Спецназовцы начали перемещаться ко входу в тюрьму. В воздухе нависло неотвратимое столкновение. Да уж, не убраться отсюда будет верхом глупости. «Сеньора Марина, пожалуйста, пойдемте», — взмолился Рокко. Если такой амбал, прошедший десятки перестрелок с бандитами, просит нас уйти, значит, дело действительно дрянь. «Вы идите», — сказала я. Хулиан взял Рокко за плечо: «Оставьте ее, пусть делает, что хочет». Хулиан защищал меня. Он действовал в моих интересах, и среди этих интересов фигурировало сохранение моей жизни. Но мне совершенно не нравился его снисходительный тон. «Да, я хочу остаться», — твердо сказала я. Рокко попытался привести меня в чувство: «Посмотрите вокруг. И скажите, чего вы добьетесь, если останетесь». Маленькую группку родственников теснили к воротам спецназовцы и группы «ястребов». Как я сдамся, если они не сдаются? «Я буду с ними», — сказала я и кивнула в сторону толпившихся. Хулиан ехидно усмехнулся: «Ах вот как? Чтобы тебя показали в новостях? Как ты потрясаешь кулаками и выкрикиваешь лозунги? Что ты скажешь Клаудио, детям, друзьям? Я, паинька из Сан-Анхеля, решила втереться в самые обездоленные слои населения? Потрясающая наивность», — припечатал он меня.

Над зданиями тюрьмы начали подниматься клубы дыма. С крыш доносились крики заключенных. Рокко обернулся на тюрьму, потом посмотрел на меня: «Поехали?» Я покачала головой. Нет, я не уеду.


Темнота. Тишина. Дыхание. Удары сердца. Дождь, стекающий по стенкам. Холод. Боль в суставах. Выдумывать. Творить. Сопротивляться. Побеждать. В голове он выстраивает новые миры. Слово за словом. Строчка за строчкой.
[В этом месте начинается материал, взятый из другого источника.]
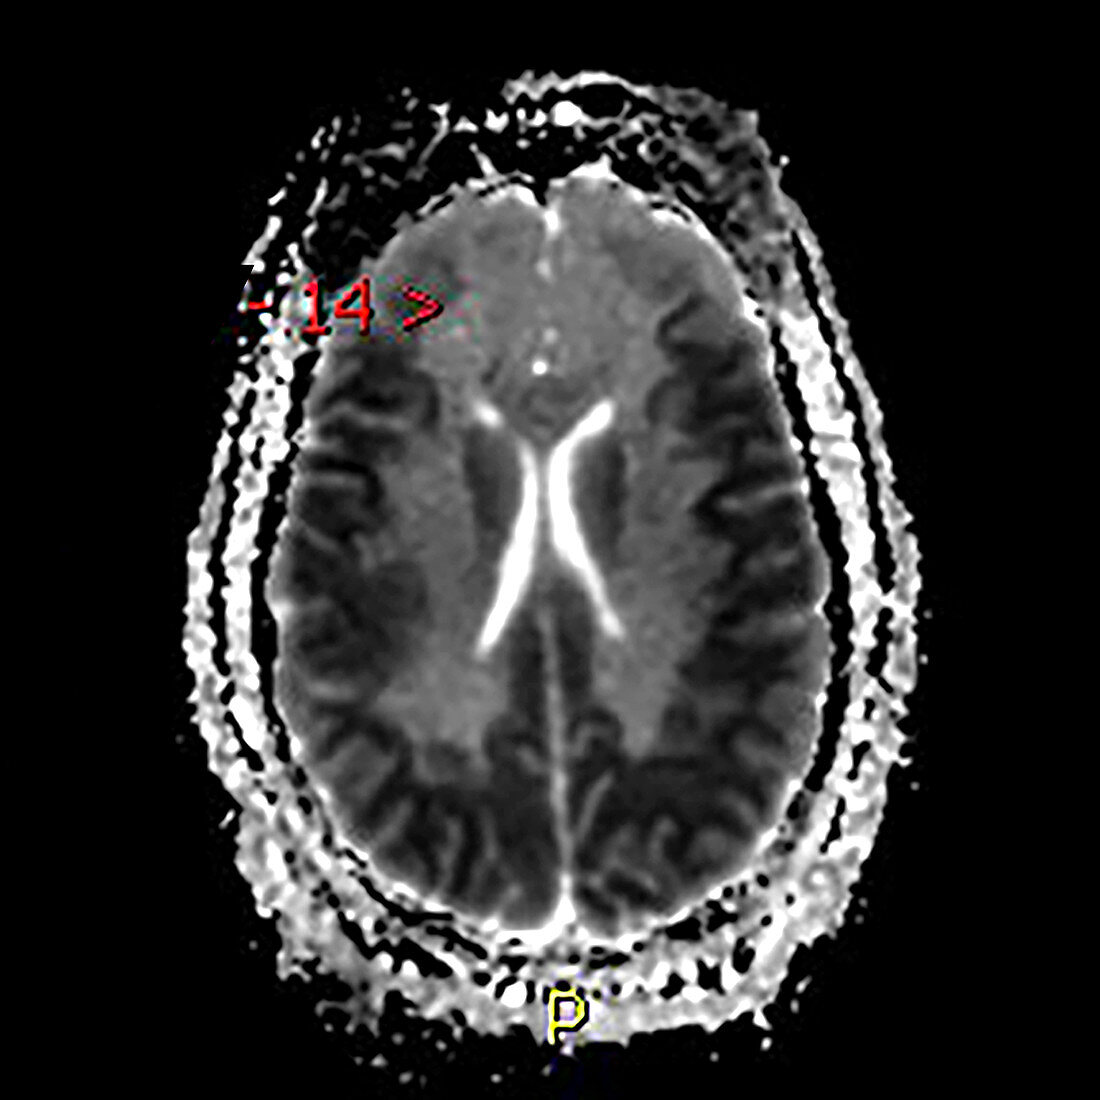 Diffuse Anoxic Injury after Cardiac Arrest, MRI

Чернота как рамка для возведения. Здание историй. «Говори точным языком», — поучал отец. Подбирать нужное слово. Выверять идеальное сочетание существительных и глаголов. Остерегаться прилагательных. Выучивать каждый день пятьдесят новых слов. Военная дисциплина на службе у литературы.

Темнота. Тишина. Дыхание. Удары сердца. Он вытягивает руку в черную пустоту. Трогает сырые стены. Чувствует подушечками пальцев какое-то насекомое. Ощупывает его. Насекомое — возможно, уховертка — взбирается ему на руку и ползет вверх по предплечью. Он чувствует, как лапки перебирают по волоскам. Насекомое поднимается к бицепсу. Ползает там по кругу. Щекочет. Он нежно снимает его и сажает обратно на стену. Оно теряется в неведомом измерении тьмы.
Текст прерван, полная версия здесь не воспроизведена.